Not all of the information disseminated at Haunted Machines is quite as cohesive. In a deliberate move, Revell and Kane haven’t limited their speakers to a single type of magic or period of history. Many instances of the word ‘magic’ or ‘in days past’ signal a short mental scramble to work out exactly what sort of magic is being referred to, or whether there is a specific period in mind. With that single word being used as shorthand to describe thousands of practices over just as many years, many of the comparisons being made are slightly diluted. After all, within a certain context, the word magic could mean just about anything.
And some of the speakers elaborate further than others. Ingrid Burrington points to specific examples of how technology is wielded as a tool of power by established institutions like the NSA, similar to how the Catholic Church holds a monopoly on the definition of a miracle. In both cases, it is the institution that defines the acceptable uses of the power. Conversely, Warren Ellis seems content with giving the audience broad hints about the parallels between magic and technology. He speaks about computers that fight off ‘demonic’ possession, and digitally haunted cars that drive themselves. They are very pretty metaphors but they come at the cost of obscuring the clarity of his points, leaving his audience to locate and knit together the fabric of his argument.

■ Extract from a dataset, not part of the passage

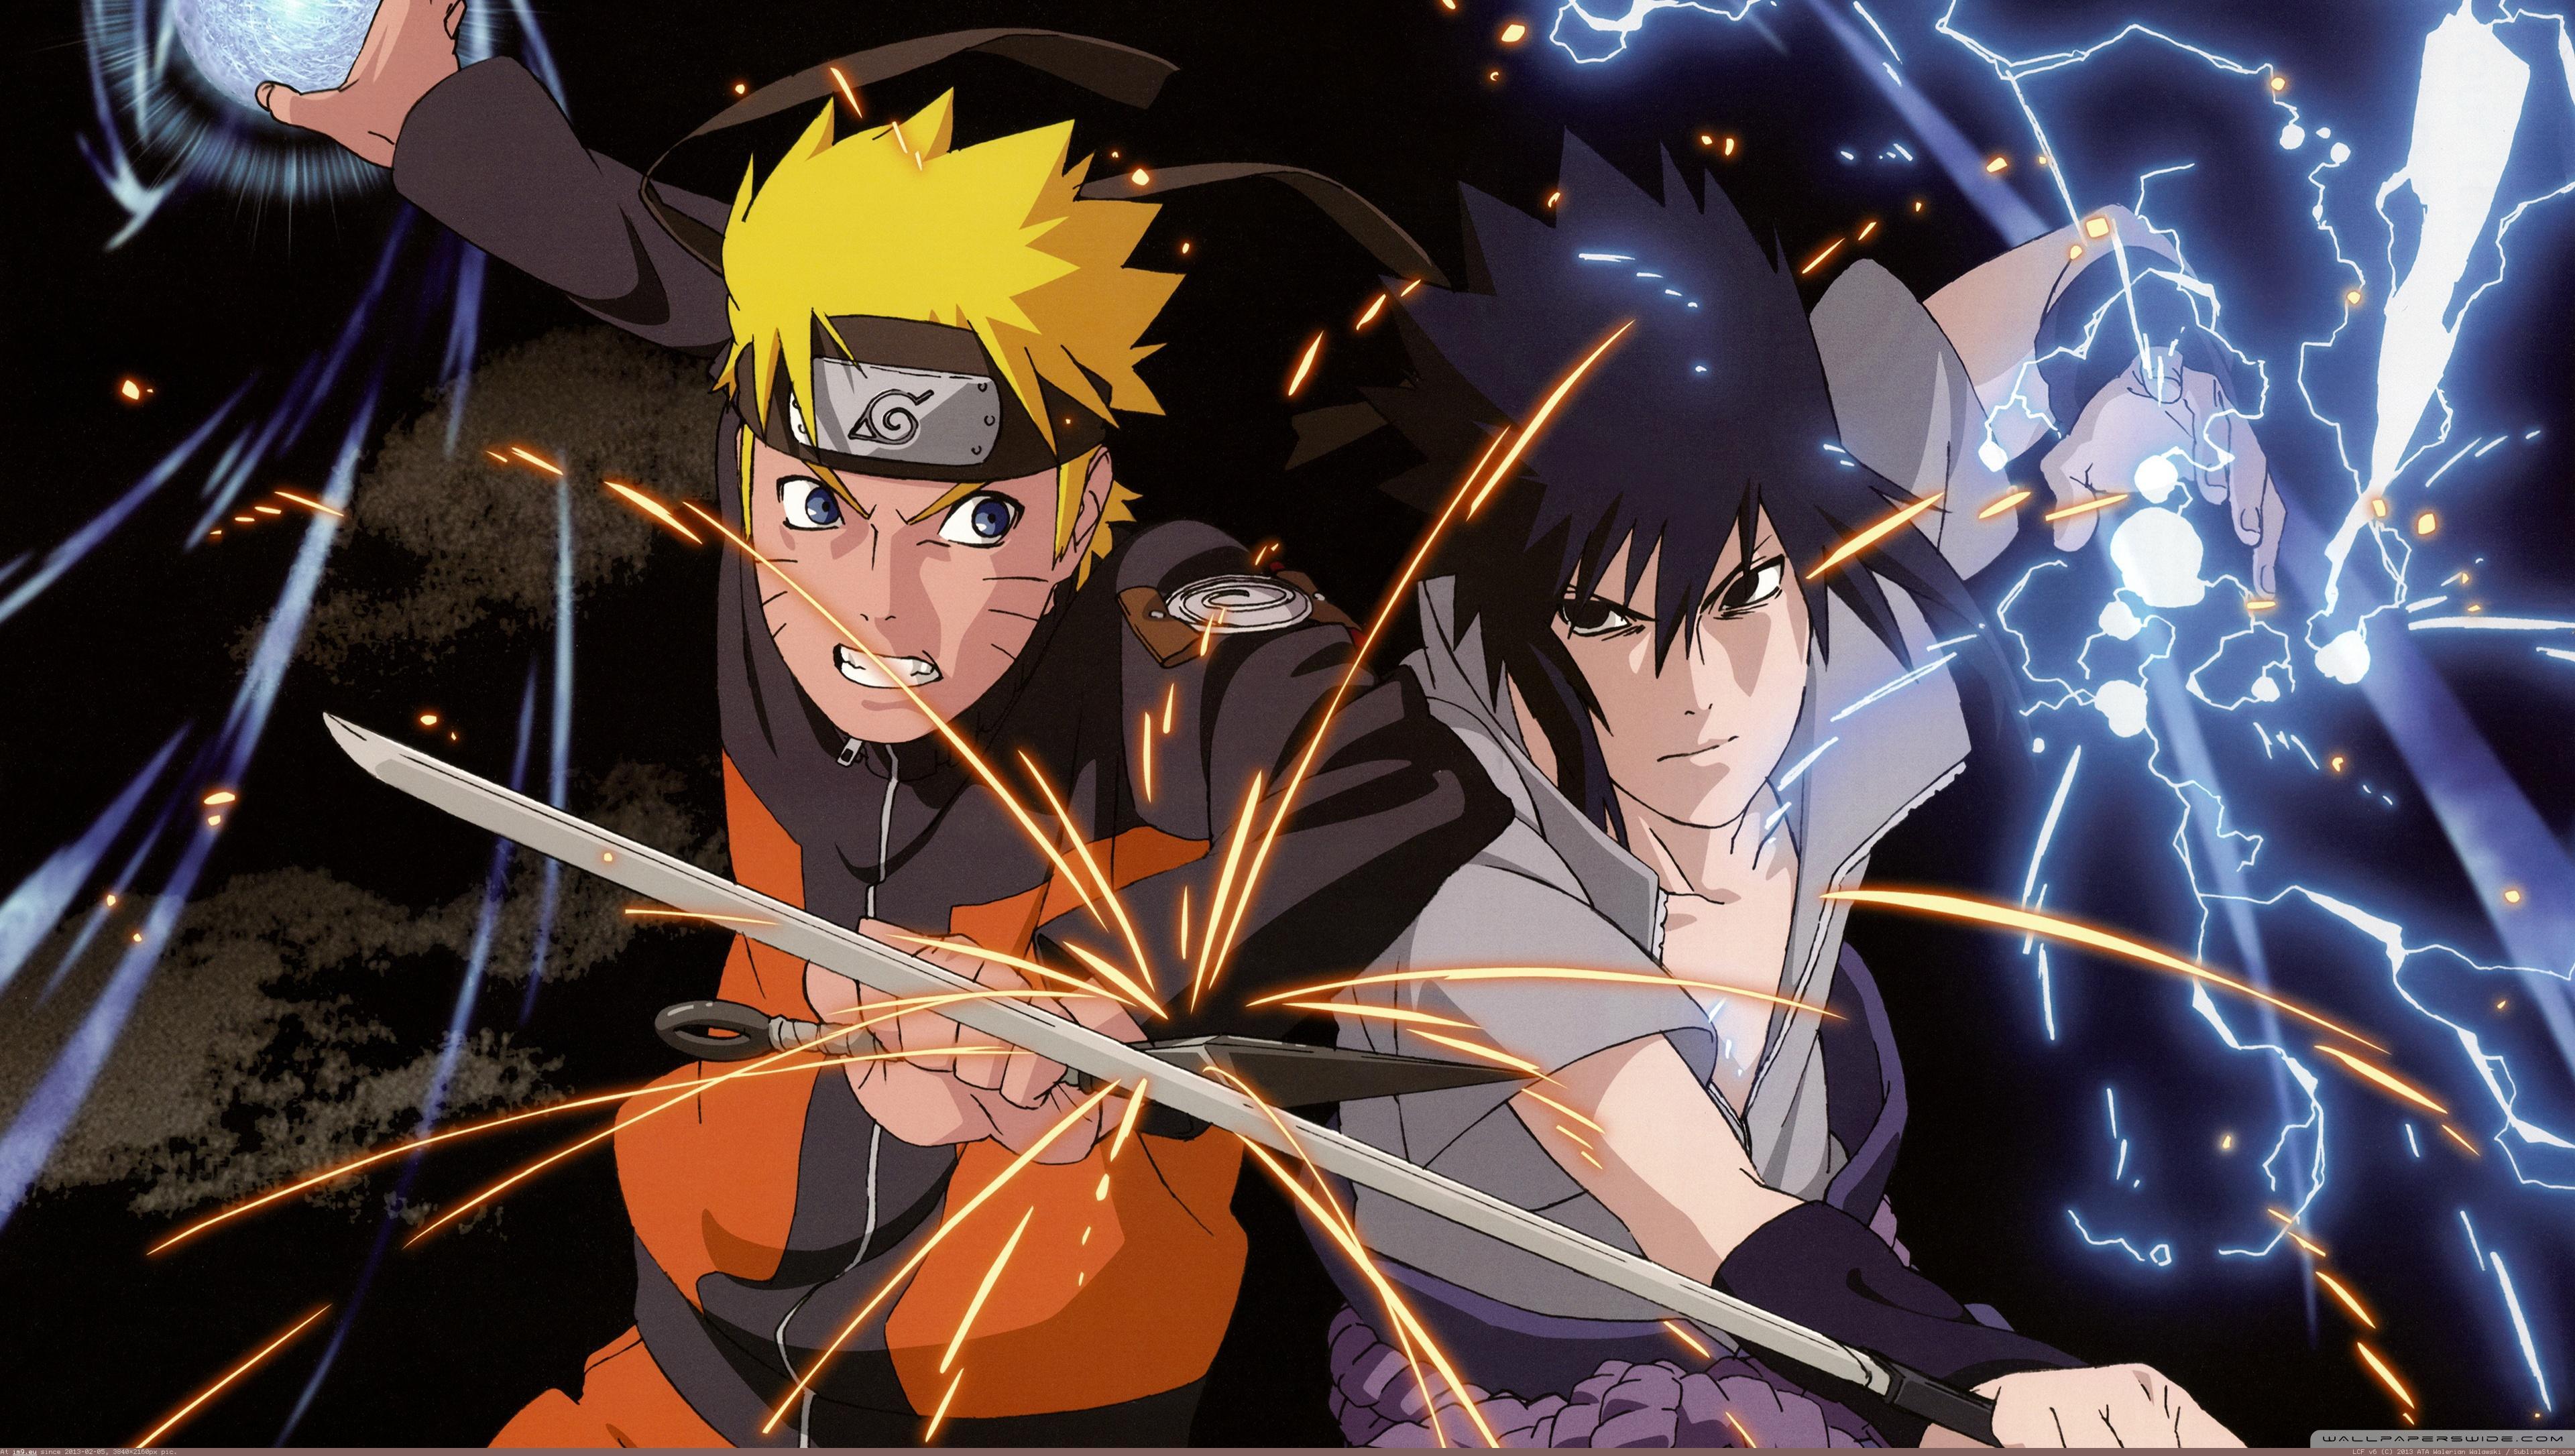 wallpaper Naruto Backgrounds hd wallpaper background desktop 3840x2172

It’s possibly a symptom of my relatively sparse technical knowledge, but I feel just a little out of the loop. As a particularly detailed analogy about werewolves and hacking sails clean over my head, I can’t help but wonder whether it’s an issue with the comparisons themselves, or whether they’d simply be clearer to those with greater technological discipline. Luckily, that has already occurred to the organisers, and they’ve turned the conference’s greatest weakness to become one of its greatest strengths.

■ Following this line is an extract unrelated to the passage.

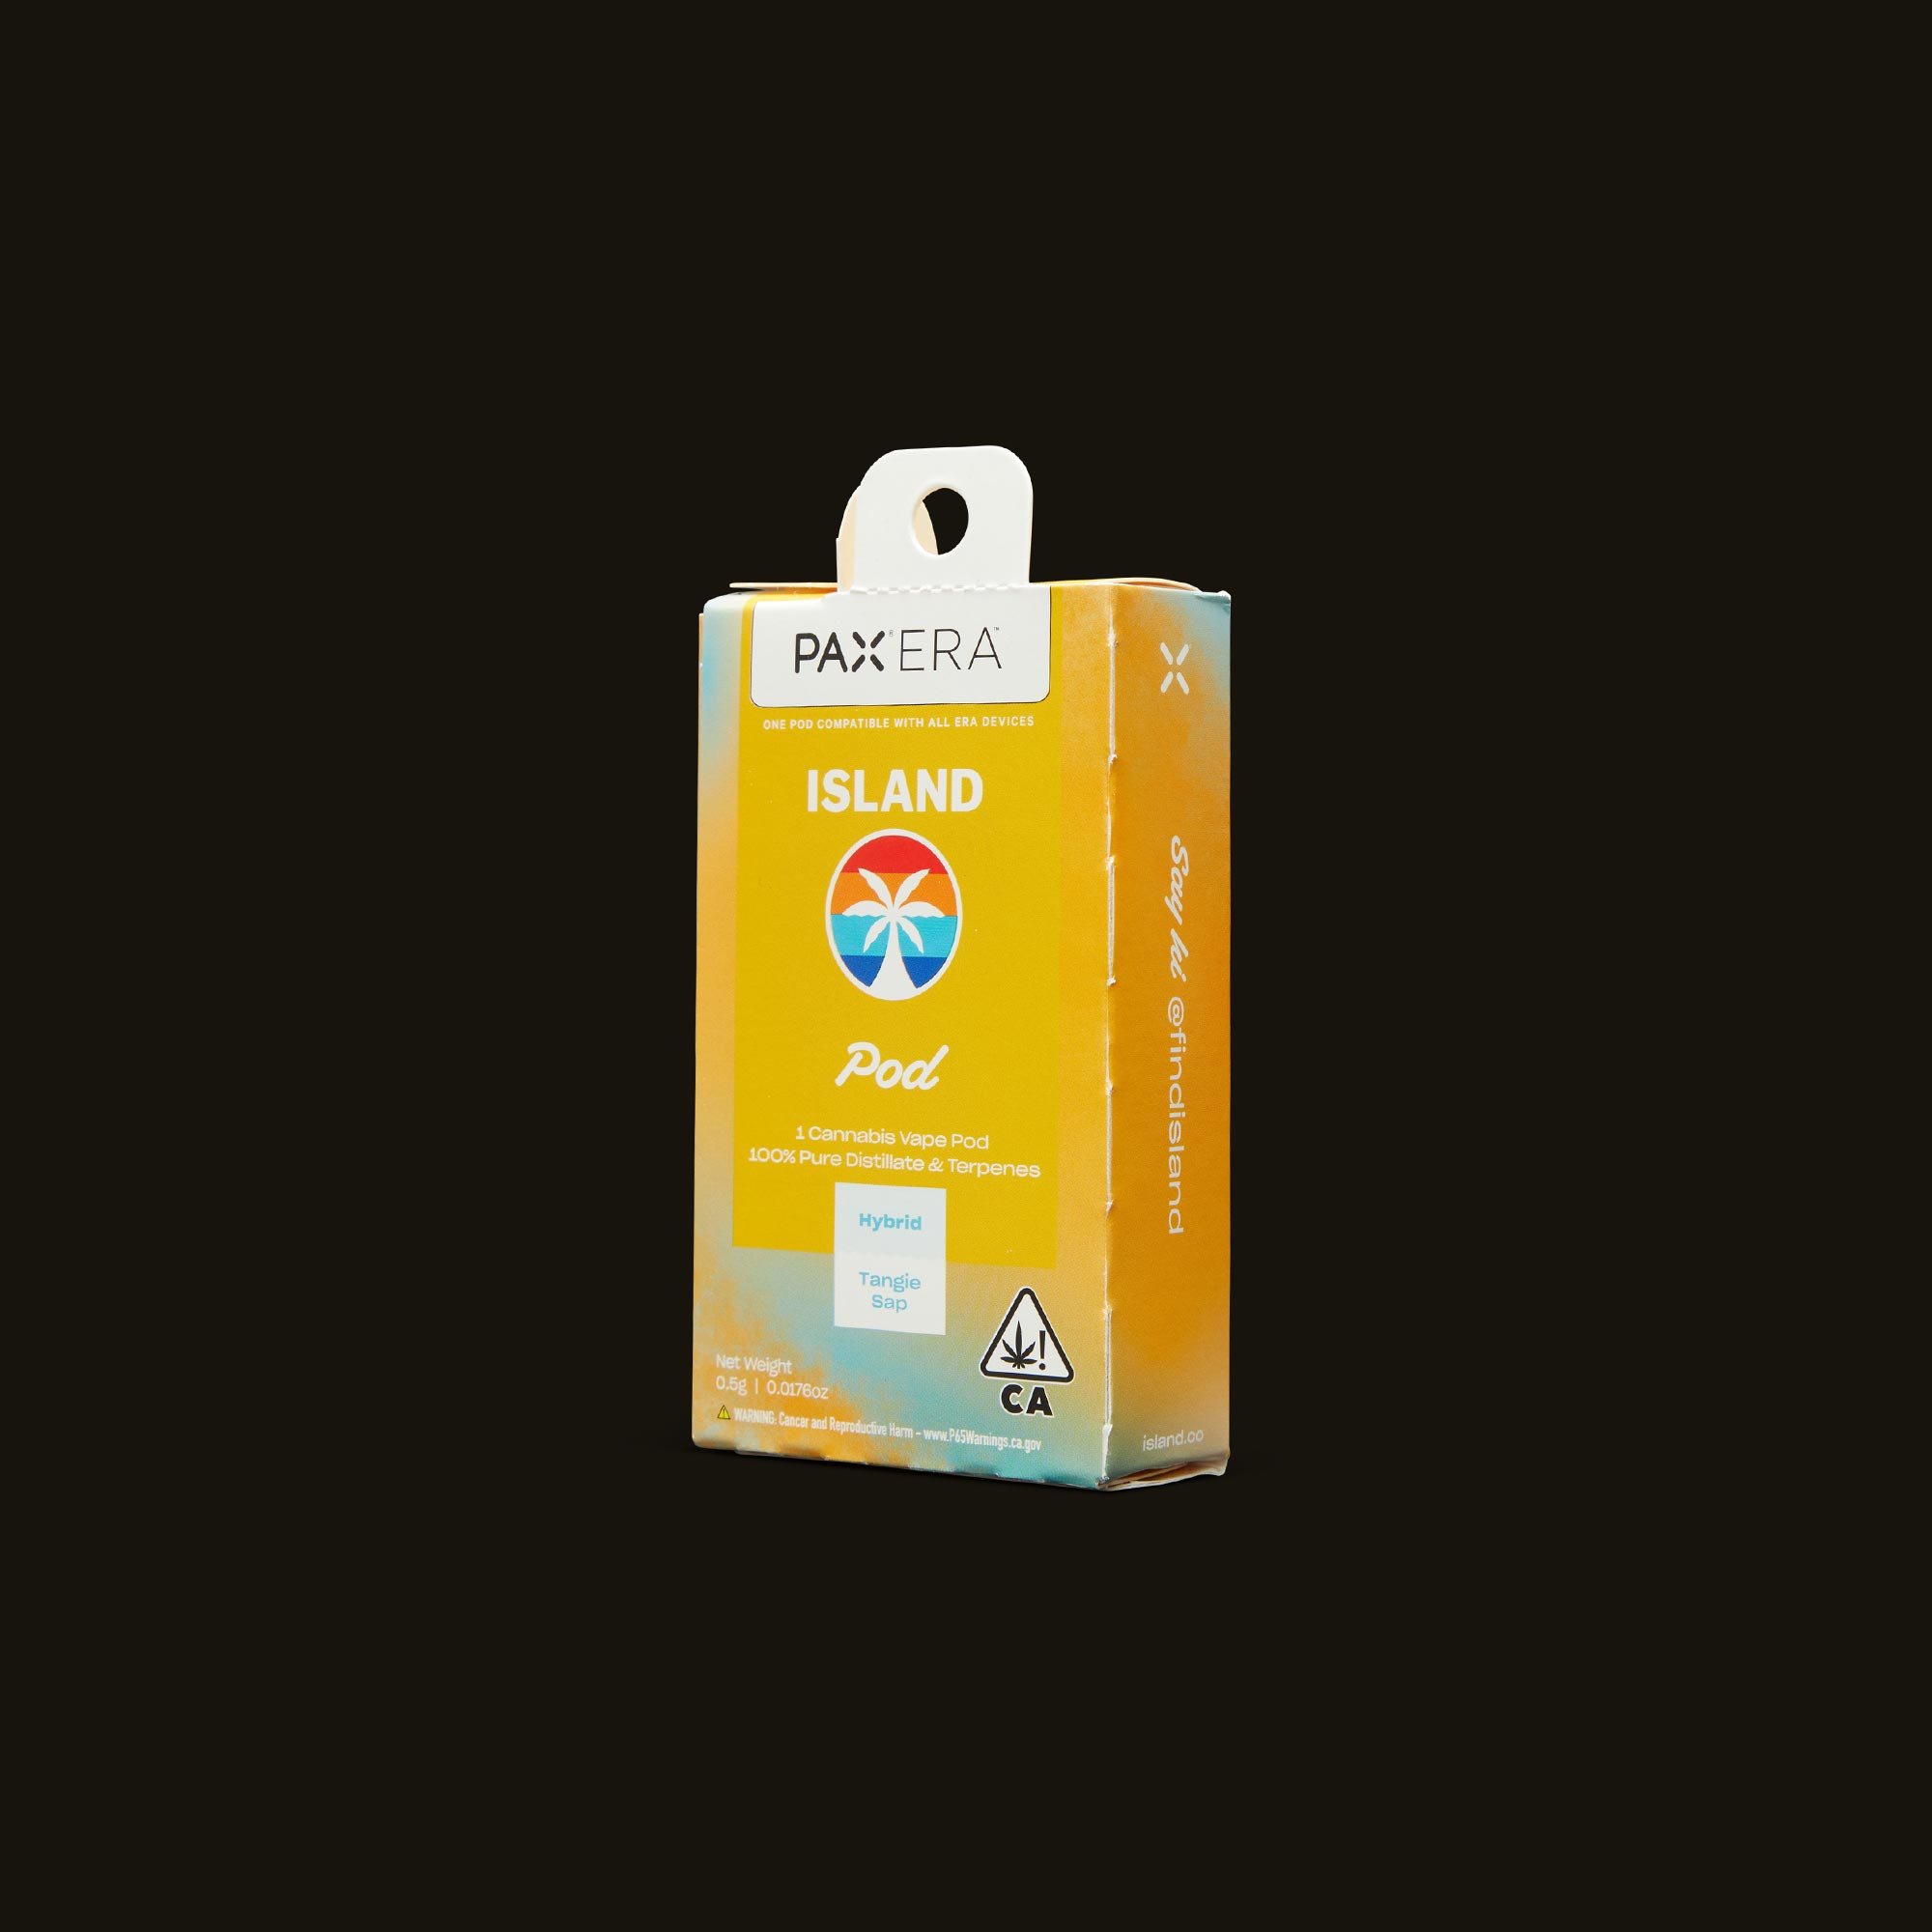 Island Tangie Sap PAX Era Pod Side Packaging

“The occasional vagueness comes from the fact that the speakers come from such different backgrounds.” Revell explains. “We’ve finished with Georgina [Voss] who’s been talking about innovation and development, and Ingrid who was an artist, or Warren who’s a writer, so their vocabularies are all very different. That is a good way to get all those viewpoints in and everyone had something to grip onto. I do think you have to have a certain level of tech-literacy. But most conferences try to find tactics to reach wider audiences, and include people who don’t necessarily converse in these kind of debates but are still interested in what’s going on.”
Ultimately some of it may have fallen flat, but Haunted Machines is undoubtedly a worthwhile event. It has certainly changed the way I think about technology. As well as the larger debates about security and surveillance, intriguing ideas begin to emerge. One audience member asked about the role of modern familiars, as in the companions of ancient witches. What would be their equivalent? Answers varied between algorithms, firewalls or even Twitterbots. Even scarier is the thought of bringing imagined threats to life. An automated house with remote locks on the doors could be hacked to become a real haunted house, the objects within behaving apparently of their own volition.
As I sit here writing this, with Revell’s disembodied voice still drifting from the black device sitting inertly on my desk, those ideas seem all the more relevant. Whether you’re technologically minded or not, there’s no denying the omnipresence of the Haunted Machines.